Acórdão nº 1108/14.0T2OVR-A.P1 de Court of Appeal of Porto (Portugal), 05 de Junho de 2017

Magistrado ResponsávelMANUEL DOMINGOS FERNANDES
Data da Resolução05 de Junho de 2017
EmissorCourt of Appeal of Porto (Portugal)

Processo nº 1108/14.0T2OVR-A.P1-Apelação Origem: Comarca de Aveiro-Águeda-Inst. Central-1ª Secção de Execução-J1 Relator: Manuel Fernandes 1º Adjunto Des. Miguel Baldaia 2º Adjunto Des. Jorge SeabraSumário:I - Atenta a posição firmada pelo Acórdão do STJ para uniformização de jurisprudência nº 1/2002, de 06/12/2001, a indicação de qualidade de gerente prescrita no nº 4 do artigo 260.º do Código das Sociedades Comerciais, para vincular a sociedade, não tem que ser feita de forma expressa, podendo ser deduzida, nos termos do artigo 217.º do Código Civil, de factos que, com toda a probabilidade, a revelem.

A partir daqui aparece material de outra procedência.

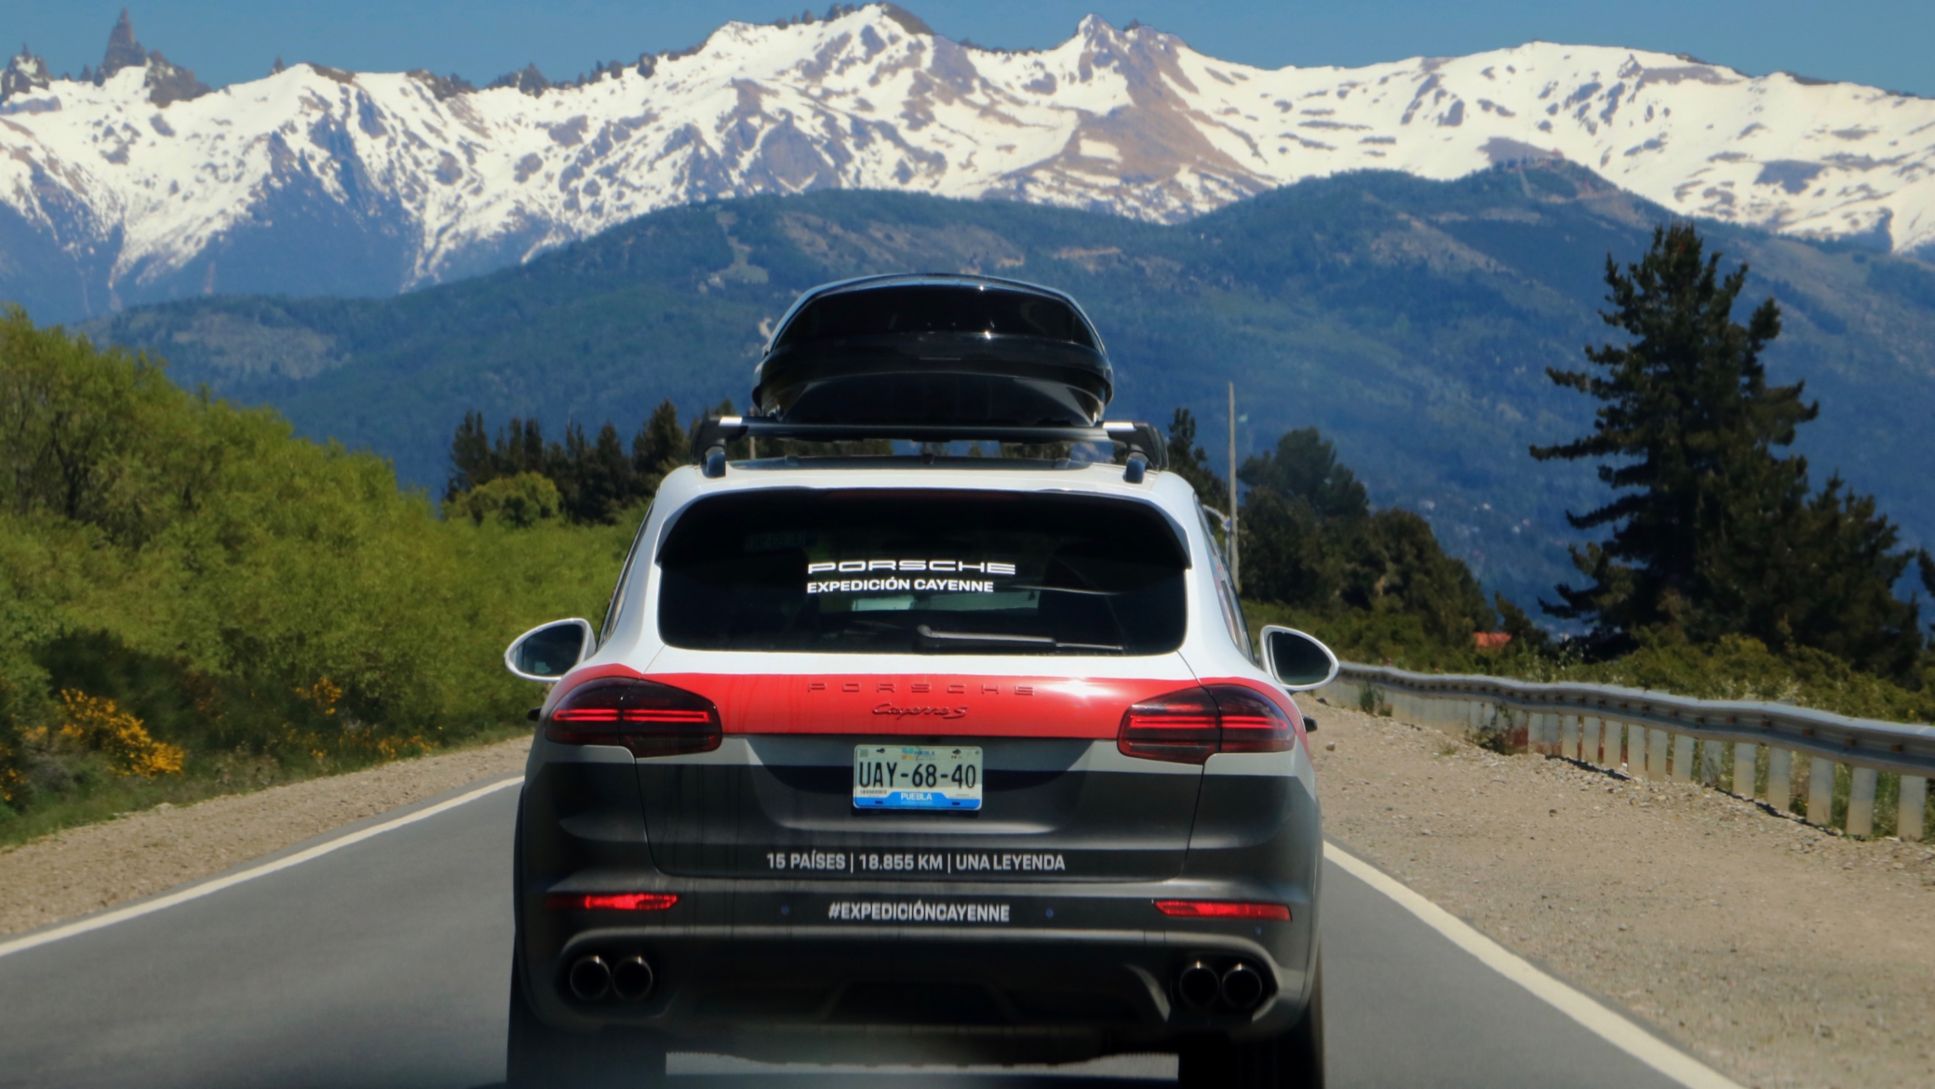 Cayenne S, Expedicion Cayenne, Andes Mountains, San Carlos de Bariloche, Argentina, 2018, Porsche AG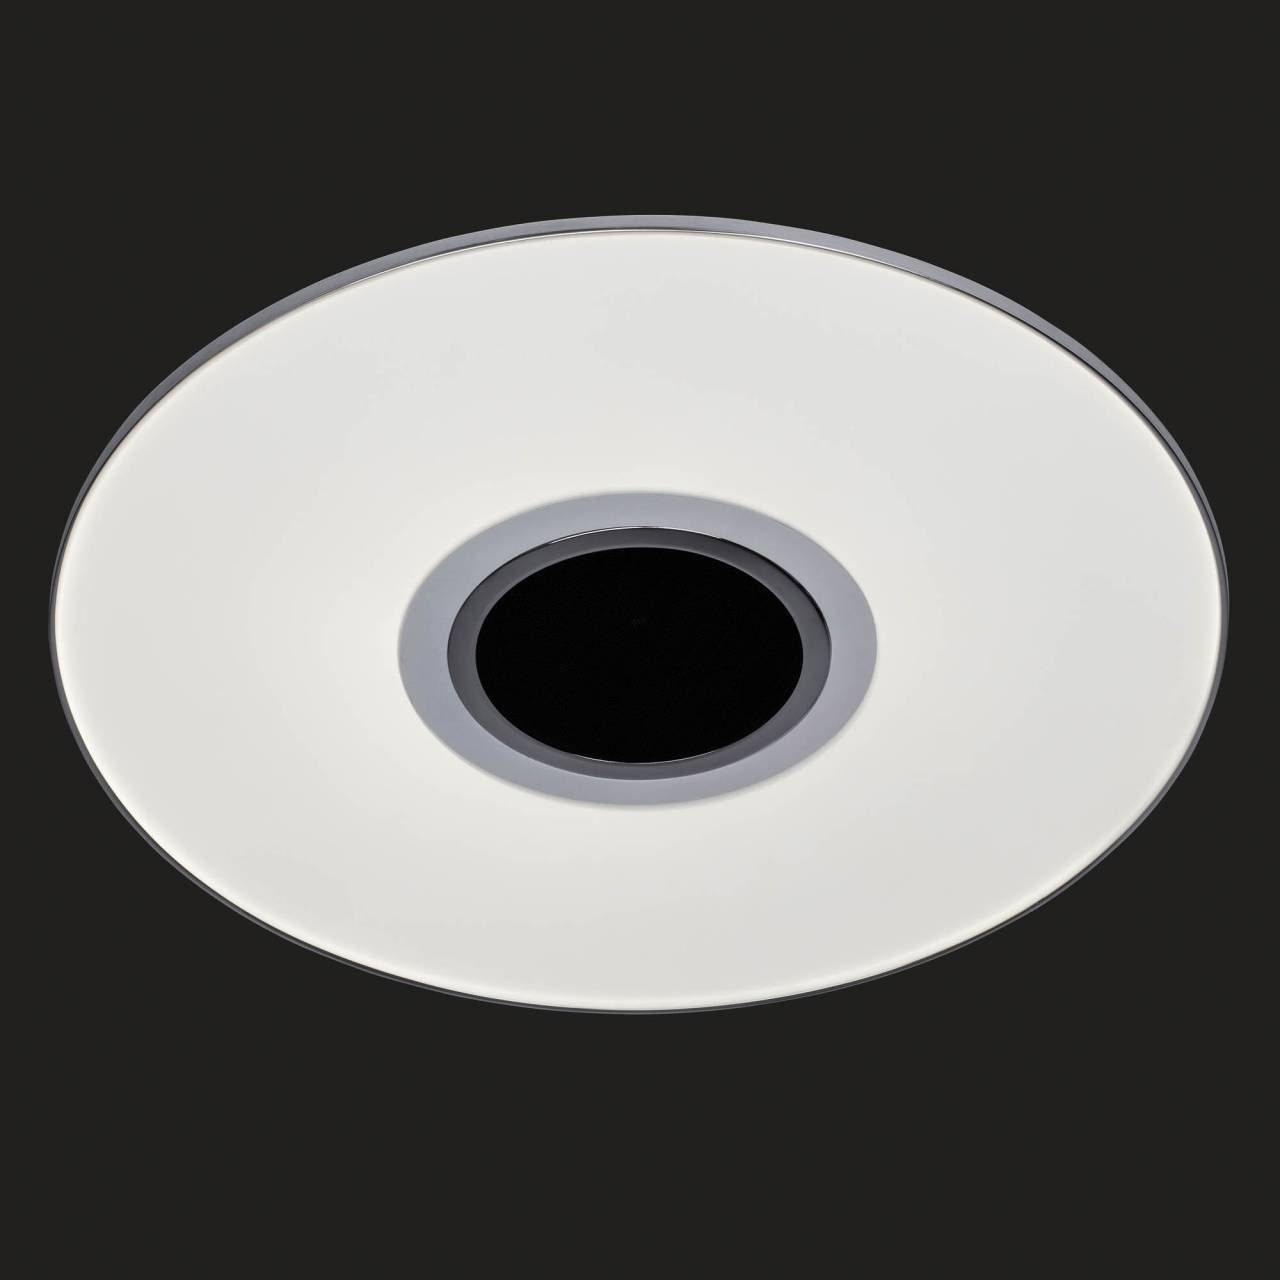 cm, Panel weiß/chrom LED AEG CCT, 2200lm, 49 LED dimmbar, Farbwechsler, Lautsprecher, Tonic, Fernbedienung, Ø wechselbar,

II - A vinculação da sociedade resulta de o acto ser praticado “em nome” da sociedade, não se exigindo palavras sacramentais ou, sequer, a assinatura com a própria firma da sociedade.

III – No domínio das relações imediatas, não obstante as assinaturas não se encontrarem acompanhadas da indicação da qualidade de gerente, essa qualidade não pode deixar de ser deduzida se, além do mais, a sua autoria não foi posta em causa e se as mesmas pessoas singulares assinaram as livranças como avalistas, pois que não tendo o aval prestado pelo subscritor qualquer valor, visto ser ele o principal obrigado na relação cambiária, lícito é concluir que quem produziu as duas assinaturas o fez em qualidades diferentes, ou seja, em nome próprio numa das situações (avalista) e, na outra, como representante da sociedade subscritora.

IV - Numa livrança subscrita e avalizada em branco a eficácia da excepção do preenchimento abusivo fica dependente da alegação e prova de factos que o demonstrem, prova que compete àquele a quem se exige o cumprimento da obrigação.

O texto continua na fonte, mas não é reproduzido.